Elon Musk has a lot to lose — or gain — based on who wins the presidential election

  • Elon Musk has been flexing his power as a political influencer in recent years.

  • Whoever wins the White House could drastically impact the billionaire’s businesses.

  • A political strategist told BI Musk needs to “be careful” what he wishes for in the next election.

In recent years, Elon Musk appears to have gone from lightly flirting with politics to having a full-blown love affair with growing his influence in Washington.

As the presidential election inches closer and the billionaire businessman continues teasing the idea of a Trump endorsement, it’s becoming clear that Musk has a lot at stake depending on who next leads the country.

While Musk hasn’t publicly endorsed any candidate, Business Insider previously reported he bonded with fellow billionaires over a shared distrust of Democrats and privately discussed how best to defeat them in this year’s election.

According to a recent report from The Wall Street Journal, Musk has also talked with the Trump campaign about taking on a potential advisory role if the former president returns to the White House.

A representative for the Trump campaign declined to comment on The Journal report but acknowledged that Silicon Valley elites like Musk have lined up to support Trump’s reelection campaign.

It has been widely reported and is demonstrated in a number of ways that many of the nation’s most important leaders in technology and innovation are concerned with the damage done to their industry by Biden‘s failures to handle our economy and his moves to overburden innovators with government bureaucracy and unrelenting regulation,” Brian Hughes, a senior advisor to the Trump campaign, told BI in a statement.

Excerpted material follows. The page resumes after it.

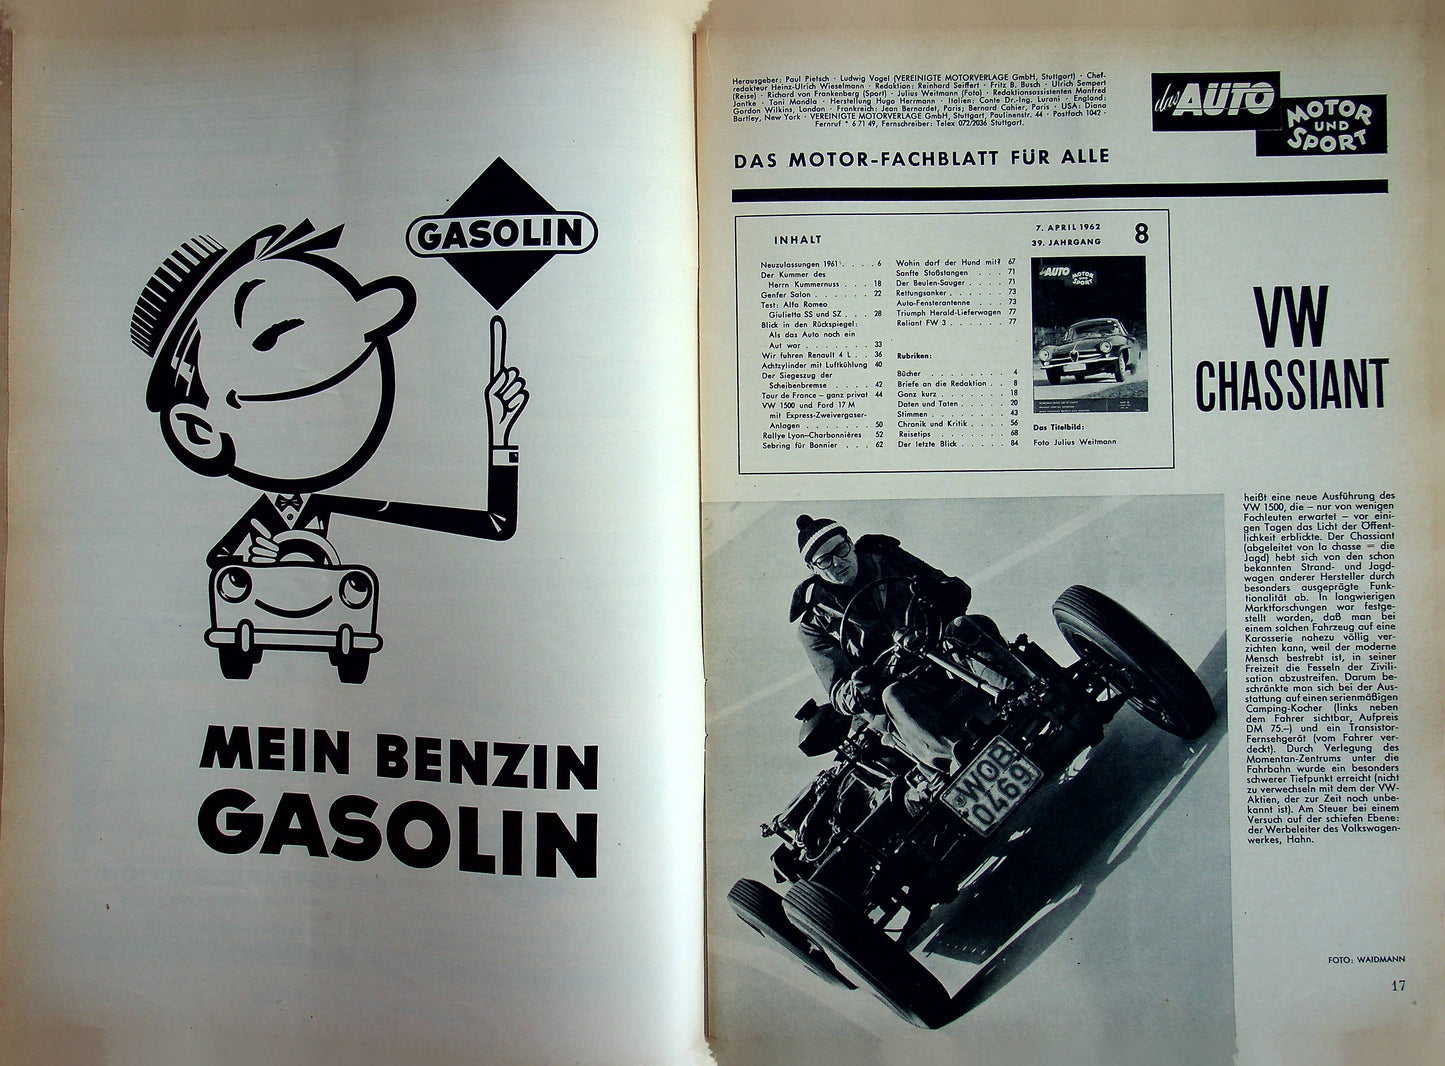 Auto Motor und Sport 08/1962

While Musk is increasingly flexing his political power, whoever wins the White House could drastically impact the billionaire and his businesses. Here’s how things could shake out for Musk under a second Trump administration versus a Biden win.

Elon under Trump

Musk previously served on business advisory groups under the first Trump administration but pulled out of the role over disagreements with Trump’s 2017 decision to leave the Paris climate accord.

If he were to take on a more formal role in a hypothetical second Trump term, Musk would be taking a gamble on what’d be best for his numerous multi-billion-dollar businesses, Bradley Tusk told BI.

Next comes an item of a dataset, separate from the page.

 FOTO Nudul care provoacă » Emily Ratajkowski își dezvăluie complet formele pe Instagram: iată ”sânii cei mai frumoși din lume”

Tusk is a venture capitalist and political strategist whose consulting firm advises startups in highly regulated industries. If he were advising Musk now, Tusk said he’d tell him: “You’ve got to really be careful what you wish for — for a bunch of reasons.”

Under Trump, Tusk said tax cuts and deregulation could lead to a boom for Tesla, X, and SpaceX — especially given Trump’s prior push to develop a Space Force. This could also come with a massive increase in political cache but possibly decreased stability in the markets, which Musk relies on to maintain his wealth and power.

“There is the potential to really have a tremendous amount of influence within Trump’s administration,” Stacey Lee, a law and ethics professor at the Johns Hopkins Carey Business School, told BI. “And when you look at the hallmarks of what Trump really respects — he’s popular, he has a management style that is more singular in its voice — these are all of the things that Trump really admires, and so does Musk.”

“In that regard,” she said, “they may be rather odd kindred spirits.”

Elon under Biden

In a world where Biden is elected again, Musk might not have the influence he appears to crave, but Tusk said he’d have something that markets and companies rely on for strong growth: stability.

“Musk just got a $55 billion pay package approved under Joe Biden as President — right now, his life’s pretty good,” Tusk said. “And now we have the choice of a president who genuinely believes in clean energy and someone who actively despises it. So, for those Tesla shareholders, it’s a lot better for them if Joe Biden’s president. And they just gave Elon $55 billion to do what’s best for the company.”

However, Lee told BI that a second Biden administration would also be prone to more regulation and pro-union policies, neither of which is very attractive to Musk as a businessman.

“Biden is very traditional in terms of his policies. He is committed to raising corporate taxes,” Lee said. “Under Trump, we saw them go from 35% to 21%, and now Trump is saying, ‘Hey, if I get in, I’ll take it down to 20.’ I think that would be music to Musk’s ears.'”

A second Trump term could backfire for Musk

“My initial instinct — I think everybody’s — would be like, ‘Oh, of course, it’d better for Musk under Trump.’ But I think ultimately, it’d be much worse,” Tusk said.

While Musk might be seduced by the allure of amassing even more power, Tusk said it’s a double-edged sword with Trump.

Tusk said Biden doesn’t think of Elon as a rival — he probably doesn’t think about him at all. But with Trump, as has happened with so many of his one-time allies, his affection for Musk could suddenly flip, making the Tesla CEO a target for his ire.

“On the Trump side, Musk needs to be careful and not go headlong into this. As seductive as it might seem, it really ends badly for basically everybody,” Tusk said. “And all the things that he values, the things that sort of makes him happy — the attention and relevance — are the same things that make Trump happy.”

“And the one guy you can’t win a head-to-head war with is the President of the United States,” he added.

Musk and Biden campaign representatives did not respond to requests for comment from Business Insider.